The escaped assassin, whose code name is Sergio, often mentions that what he is experiencing feels like it belongs in a novel. Toward the end of the book, when Sergio thinks about what he might do if he manages to escape, he says: "...I'd rather write a novel...they're more truthful." (All English traslations from the text are my own.) There is a sense throughout the book that Venezuela's contemporary history is being fictionalized in order to decipher a country in perpetual crisis. El complot is an ambitious novel, since it aims to illuminate the nature of revolution, in both individuals and collectives.

It is fitting that Centeno published this book in 2002, the year Chavismo and its opponents began to fully and directly confront each other, leading many Venezuelans to fear the very real specter of a civil war. This threat of civil war has not receded and has instead only intensified since then. One might interpret the marginal role of the presidential figure in this novel as Centeno's way of saying that this conflict is not so much a consequence of Chávez as it is of historical and social factors that have remained unaddressed since Venezuela's founding as a nation. What is impressive about this novel is how it interprets Venezuela's current situation through the experiences of a handful of individuals, including a government minister, various leftist guerrillas and an investigative journalist.

As with his famous first novel, Calletania (1992), Centeno's characters are mostly drawn from the radical political underground of Venezuela's late XX century. Centeno is concerned with portraying how violence often ends up disintegrating revolutionary ideals. Not only has Venezuela become the most dangerous country in Latin America during the Chavista regime, but that violence has taken on a life of its own, well beyond the control of the government itself, despite its record-breaking high oil profits. El complot makes this violent atmosphere a central component of the novel and its protagonists.

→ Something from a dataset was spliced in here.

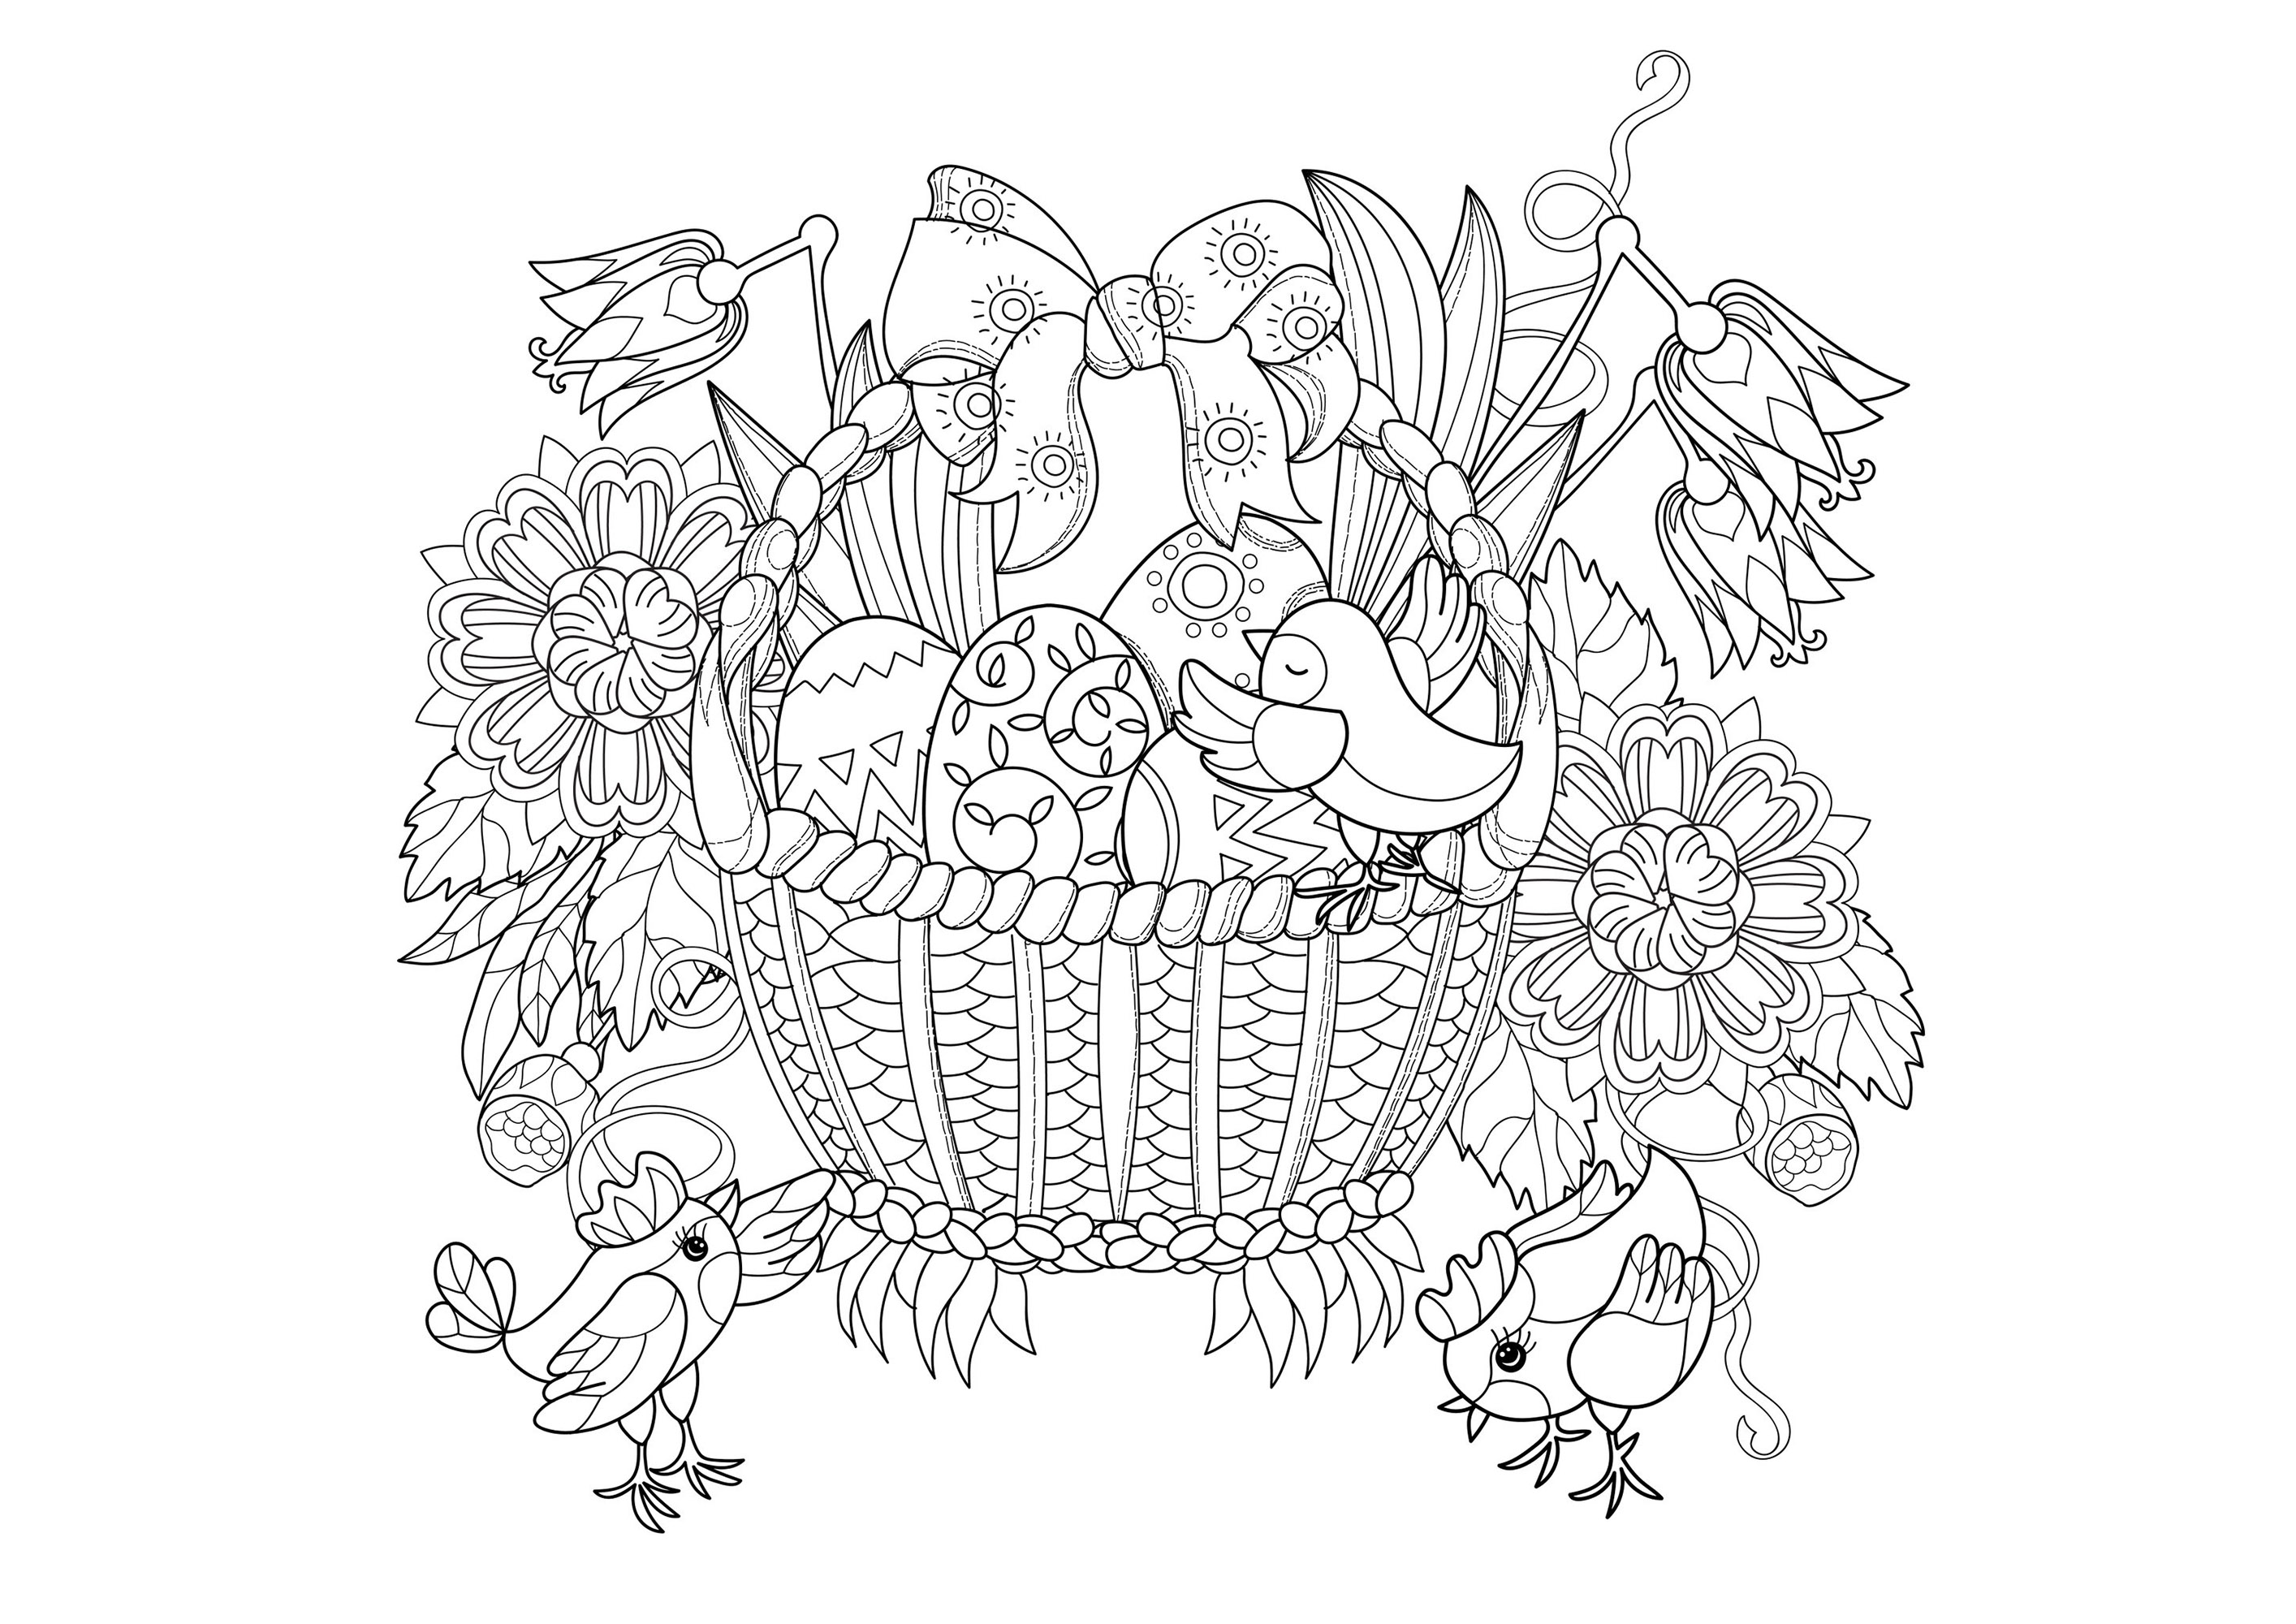 Página bonita para colorir (mas complexa) de um cesto de vime com ovos de Páscoa e passarinhos

One episode that addresses this phenomenon of the political and criminal violence that has engulfed Venezuela involves Manuela, a journalist who is investigating the failed assassination attempt. Recalling a colleague who was killed during a robbery, she muses on the plague that today affects all Venezuelans in some way, regardless of political affiliation:

"The journalist killed by a thief in a bar. A victim of the violence that had a thousand faces and none. A violence that flowed throughout the country. It wasn't social, or political, or religious, it was a violence without adjectives. Behind the violence there always remained the operators of the sinister plan, there is always a plan; the revolution will be born of confusion, it will be read between the lines, its coherence will emerge from anarchy, it will later impose a different and inevitable order."

Centeno is not the first to suggest the Chavista regime is allowing violent crime to surge in Venezuela as a tactical maneuver. By letting the nation be engulfed in violence and fear, the Chavista regime can then keep society distracted and paralyzed as it installs its dictatorial project. The problem with this tactic, of course, is that violence cannot always be controlled. One of the recurring motifs of El complot is the notion that revolution is equivalent to a religious faith, in the sense that the desired goal is never fully tangible. What happens to the individual on earth is merely a prelude to eventual utopia or spiritual redemption. Within this idea, the revolutionaries in Centeno's novel exist in ever-deepening circles of mistrust and paranoia. There are always betrayals and new alliances to be made within the multiple factions of revolutionary groups within the government and at its fringes. In this way, El complot is a realist novel, evoking a country that has been taken over by the most reactionary, violent and fundamentalist sectors of the "Jurassic left."

For those who read Spanish, Centeno talks about El complot in interviews at Ficción Breve Venezolana and La Prensa Literaria (Nicaragua). In December 2005 El Universal published an article ["Estética del realismo gótico"] on his most recent novel Bengala (Caracas: Grupo Editorial Norma, 2005).